Comme dans l’ouvrage de ORWELLS, « 1984 », la novlangue sévit fortement dans certaines instances des appellations agricoles et la tendance est forte à se contenter de stratégie de communication pour “sauver le soldat pesticide de synthèse » qui rapporte énormément à quelques firmes, et offre une assurance récolte à d’autres, même si c’est au détriment de la santé de jeunes enfants, de femmes enceintes et d’adultes qui se sont retrouvés trop longtemps exposés à ces produits.

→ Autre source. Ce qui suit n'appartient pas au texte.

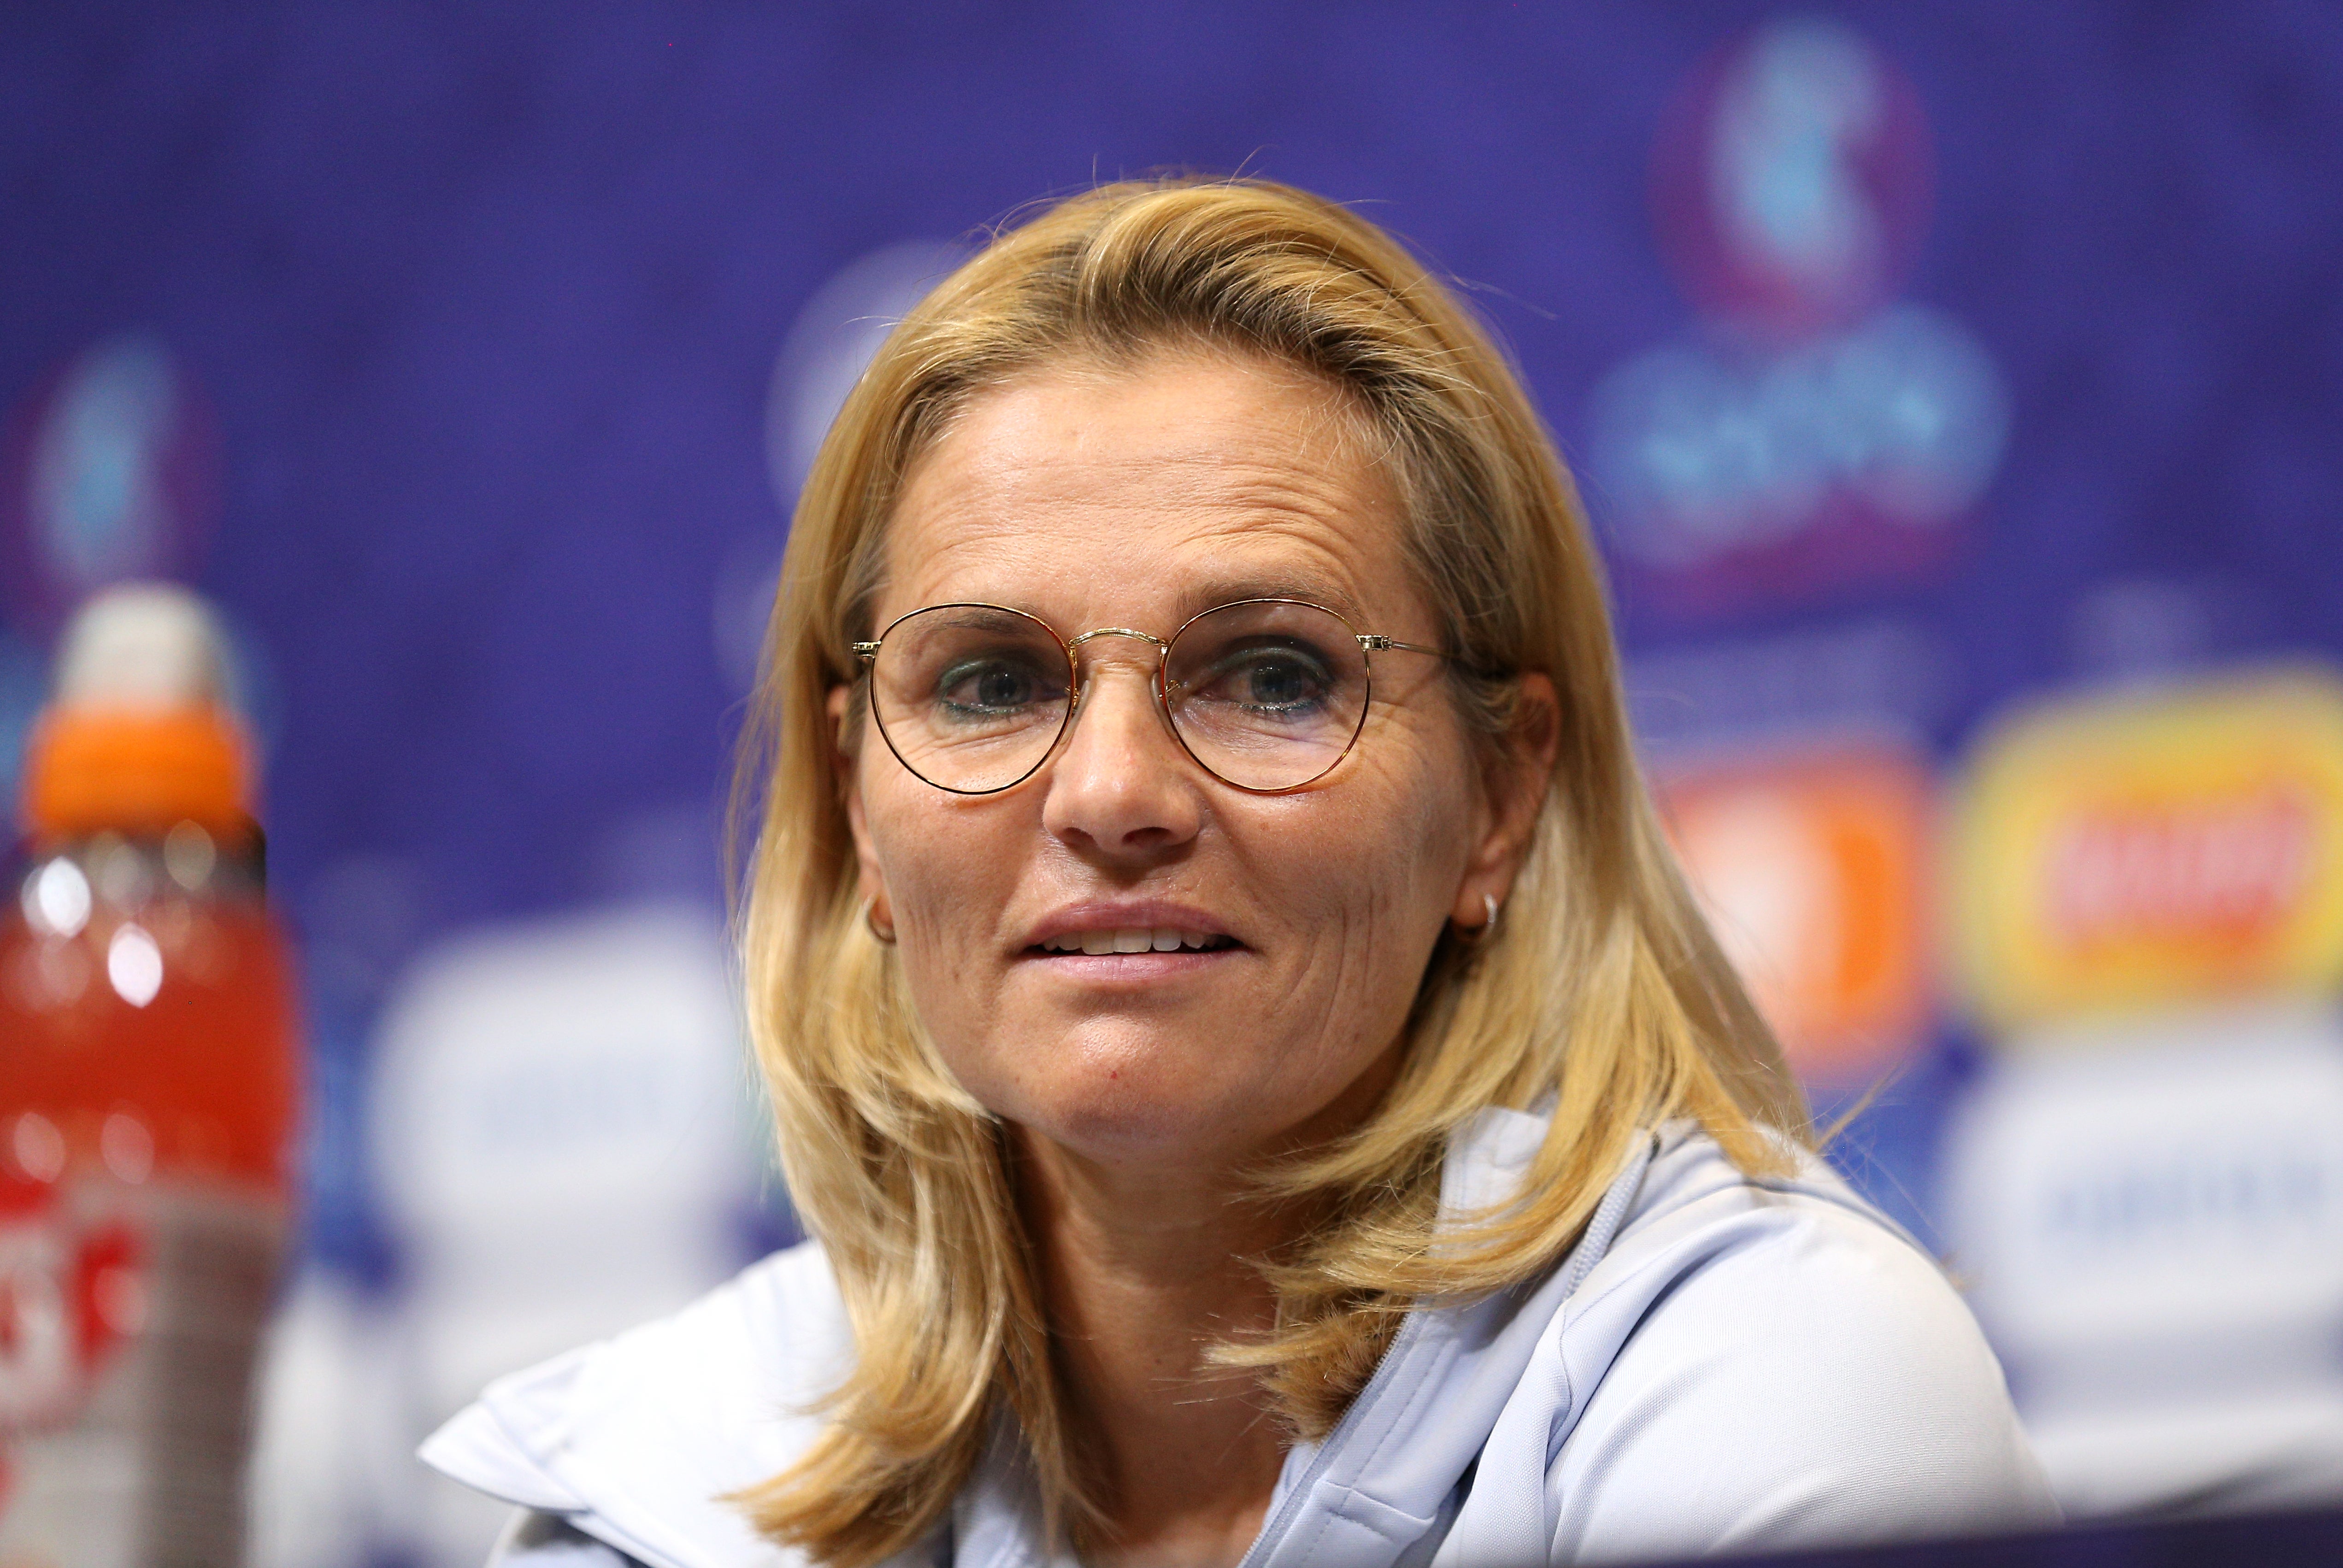 Sarina Wiegman admits England have been practising penalties (Nigel French/PA)

C’est en tout cas le choix fait par le CIVB qui utilise à plein les millions d’euros que lui rapportent les COV (contributions obligatoires volontaires) payées par les viticulteurs, pour une débauche de publicité orchestrée par des “chargés de comm” capable de vendre tout et n’importe quoi. On comprend bien pourquoi ce CIVB s’est acharné contre l’association Alerte Aux Toxiques car son plan de com a été plus qu’écorné. On comprend moins bien pourquoi les Côtes de Bourg se sont embarquées dans cette affaire, alors qu’un mouvement important de conversion au bio – bien plus bénéfique à leur promotion – est en cours sur le territoire de l’appellation. Lorsqu’une stratégie est maladroite, pour ne pas dire plus, le mieux serait de le reconnaitre et de reprendre la réflexion avant d’engager des dizaines de milliers d’euros pour s’offrir une star du barreau comme avocate.

Concernant l’utilisation de glyphosate, la Gironde n’arrive qu’au 2ème rang au classement du Glyph’Award organisé par Générations Futures en 2019 avec plus de 185 tonnes, derrière la Charente-Maritime (241 tonnes).


Nous saluons ces viticulteurs, de plus en plus nombreux, qui se montrent plus clairvoyants et ambitieux que les organismes sensés les aider et les représenter. Un puissant mouvement de conversion au bio s’est emparé d’eux si l’on en croit la revue Vitisphère.
Il est fort dommage que les aides des pouvoirs publics (crédits d’impôts, aides de la PAC) ne soient pas davantage fléchées vers celles et ceux qui font tout pour éviter les produits les plus nuisibles pour les riverains, la faune, la flore et pour notre ressource en eau.
Il est regrettable que les dirigeants des organismes des vins de Bordeaux traînent des pieds pour s’engager dans cette conversion et s’agrippent comme à une bouée à ce label HVE dont tout le monde connait maintenant la duperie. Il n’est pas du tout une « projection vers des méthodes et des produits vertueux », contrairement aux affirmations du Président des Côtes de Bourg.